Then, in 2014, I was contacted by a Cypriot living in London who was infuriated that the administration of his late aunts' estate had cost small fortune by the lawyer.

With the aid of a London firm of barristers he took the case to the European Court who ruled that the Minimum Fee Regulations were anti-competitive and the Cyprus Bar Association abolished the Minimum Fee Regulations and the Advocates Law was changed. (See Lawyers minimum fees in the bin.)

I don't know if the above will help your case, the change in the law may have come too late.
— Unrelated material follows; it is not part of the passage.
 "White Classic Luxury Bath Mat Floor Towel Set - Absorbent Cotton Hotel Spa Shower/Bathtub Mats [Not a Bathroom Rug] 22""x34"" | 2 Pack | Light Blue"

But for other people considering appointing their lawyer to administer their estate:

*As the Minimum Fee Regulations have been consigned to the litter bin, anyone wishing to engage the services of a lawyer in Cyprus to draw up their Will, act as their Power of Attorney, administer their estate, etc., etc. can shop around and get competitive written quotations for the work.
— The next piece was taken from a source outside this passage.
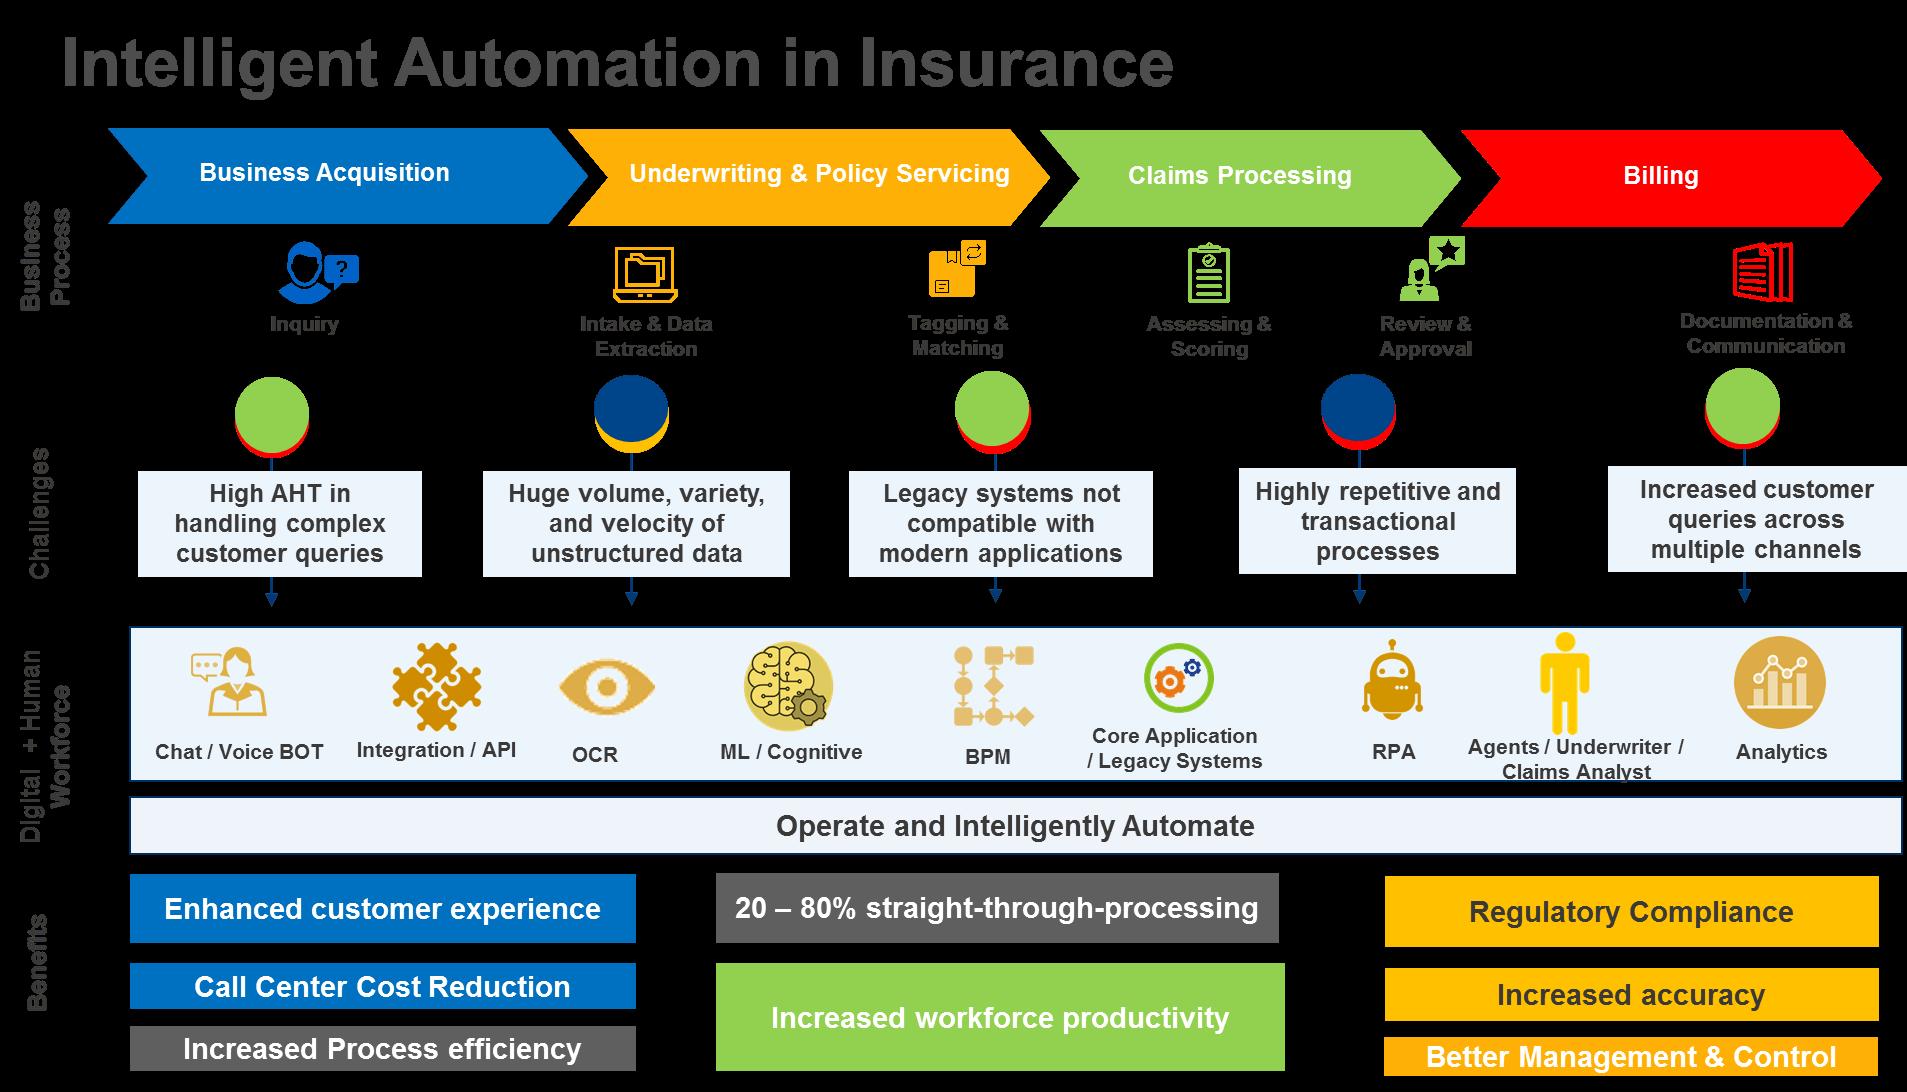 Robotic Process Automation Powers Digital Transformation Insurers

It is also vital that if the work involves the administration of the estate the agreed fee is written into the Will.*

Regards,


----------



## BanjoP (Jun 8, 2017)

Thank you Nigel.


----------



## GSmith (Nov 9, 2015)

This sounds very familiar, send me a PM with the name of the lawyer.


----------



## GSmith (Nov 9, 2015)

This sounds very familiar, send me a PM with the name of the Lawyer


----------



## nhowarth (Dec 6, 2017)

Hi Garry - unfortunately this is all too familiar!


----------



## Bluewhale (Feb 4, 2016)

Hi,

I have a similar situation however there is nothing written into the will that says the advisor who drafted the will is name as administrator, so I have more flexibility than the OP.
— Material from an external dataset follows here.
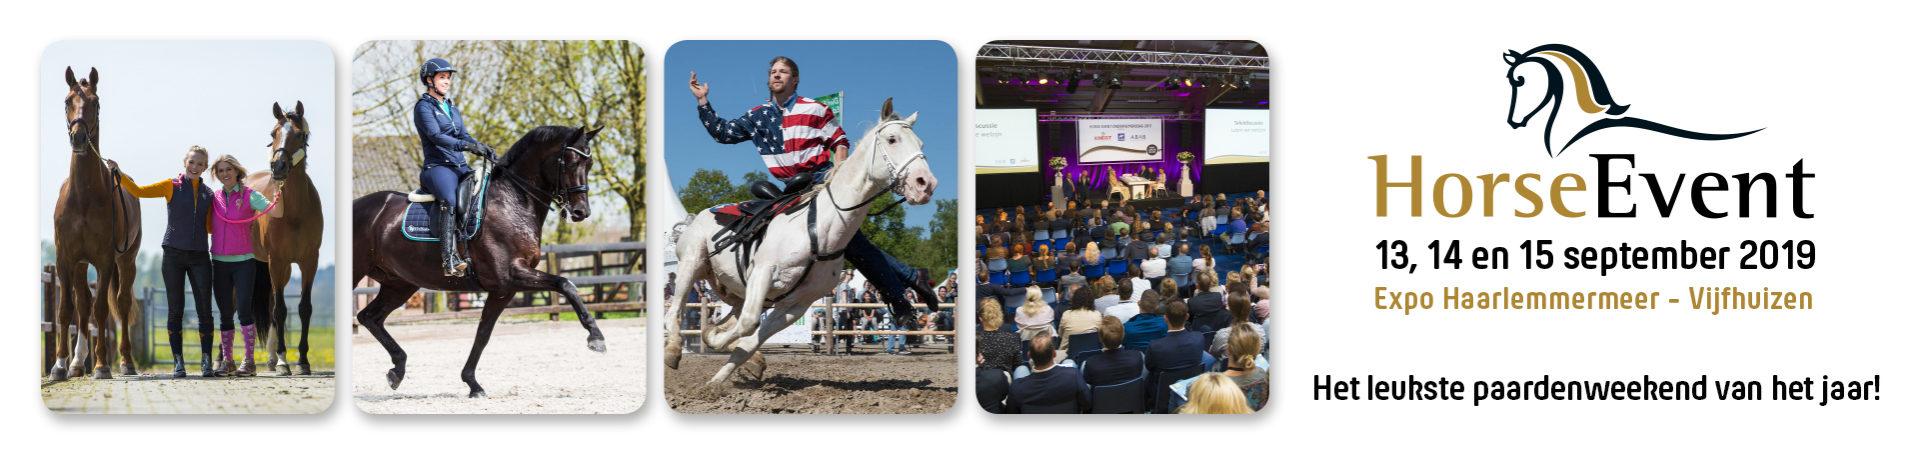 Horse Event 2019 1920x450

The relationship with the advisor has been somewhat strained at times but by agreement they are proceeding with obtaining probate. I have possession of the will and am named as the executor.

However, since I do not live in Cyprus I have appointed a separate solicitor to act as administrator. They are basically just checking and signing documents prepared by the advisor and they have given me a reasonable outline of how much this is likely to cost, though not a definite quote.

Should I be worried about anything?


----------



## nhowarth (Dec 6, 2017)

Hi Bluewhale

You seem to have covered everything, but the proof of the pudding...

Probate can take quite some time here - up to a year. And as the courts are still not fully functioning, it may take longer.

Regards,


----------